If you have the funds, perhaps a raised bed is the way to go?


T
In 2008, I returned to active gardening after an enforced hiatus of approx. 10 years (car accident). I absolute wasn't up to digging, double-digging, or anything else, nor did I have any money. DH's salary, never intended as sole support in the S.F. Bay Area for our household, was indeed doing double duty, as all three of my part-time jobs had evaporated. Hmm...how to make raised beds (aka Square Foot Gardens, in my case) without $ layout?

"Aha!" I thought to myself. "You already get/give stuff via FreeCycle in the way of fabric. Why not watch for possible raised bed supplies?"

And, lo and behold, it came to pass soon thereafter that...

--one offeror had cinder blocks for the picking up.
--another had 2x12s
--yet another had 2x8s
--and some used pine shelving

The cinder blocks, simply laid in two courses, holes up for potential planting, formed and still form Bed #1, approx. 10 to 12 inches deep. That first season, I made the mistake of believing Mel Bartholomew when he said "6 inches is deep enough for anything." Bullfeathers. Add enough for 10, ideally 12, inches, plus reaching into the ground if possible.

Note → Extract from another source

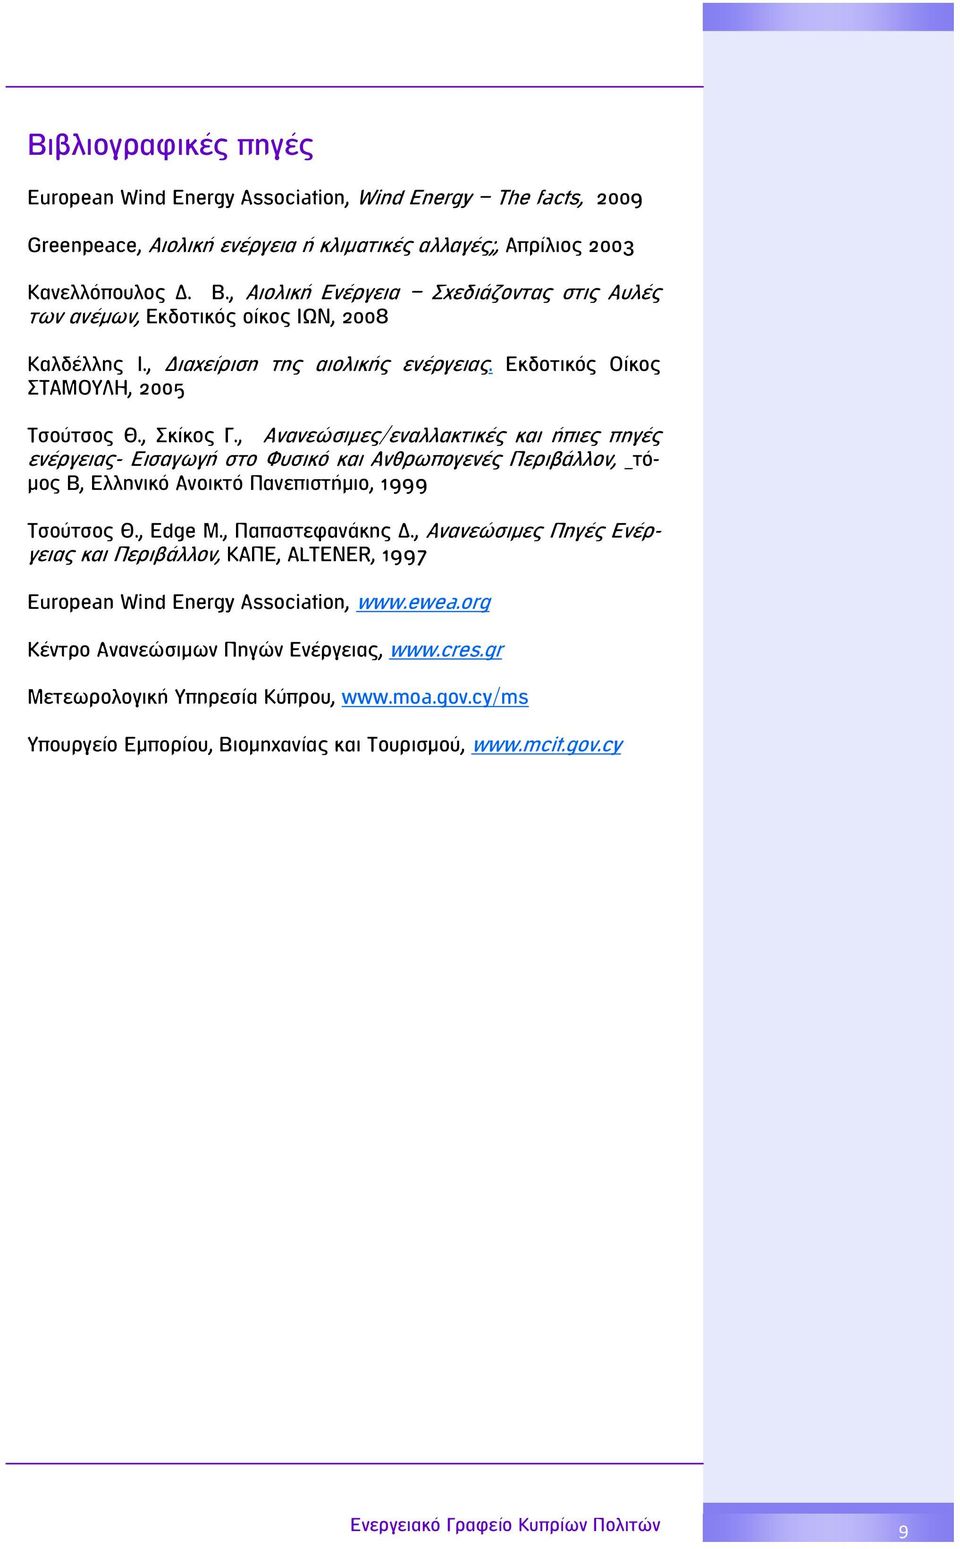 , Ανανεώσιμες/εναλλακτικές και ήπιες πηγές ενέργειας- Εισαγωγή στο Φυσικό και Ανθρωπογενές Περιβάλλον, τόμος Β, Ελληνικό Ανοικτό Πανεπιστήμιο, 1999 Τσούτσος Θ., Edge Μ., Παπαστεφανάκης Δ.

The 2x12s, cut to uniform 4-foot lengths, became three square frames which, depending on the season or the year, can either be stacked as a potato tower or used as three small SFGs. Right now they're SFGs, but I think this March (yikes! next month?!) they'll become a potato tower.

The 2x8s became a fourth layer for the potato tower, should such be needed.

And the pine shelving became...well...without going outside I can't be completely sure (and it's dark right now as well as raining YES RAIN :D), but I think the pine shelving forms the ends of Bed #5, which is 2.5' x 8'. Its sides are purchased :x 2x12s. DH just couldn't stand waiting any longer for free lumber and ran off to buy some one day. I could not believe it. :?:

So, all told, I got five gardening frames built *and* filled for $58 that first season. Since then they've cost me exactly...nothing.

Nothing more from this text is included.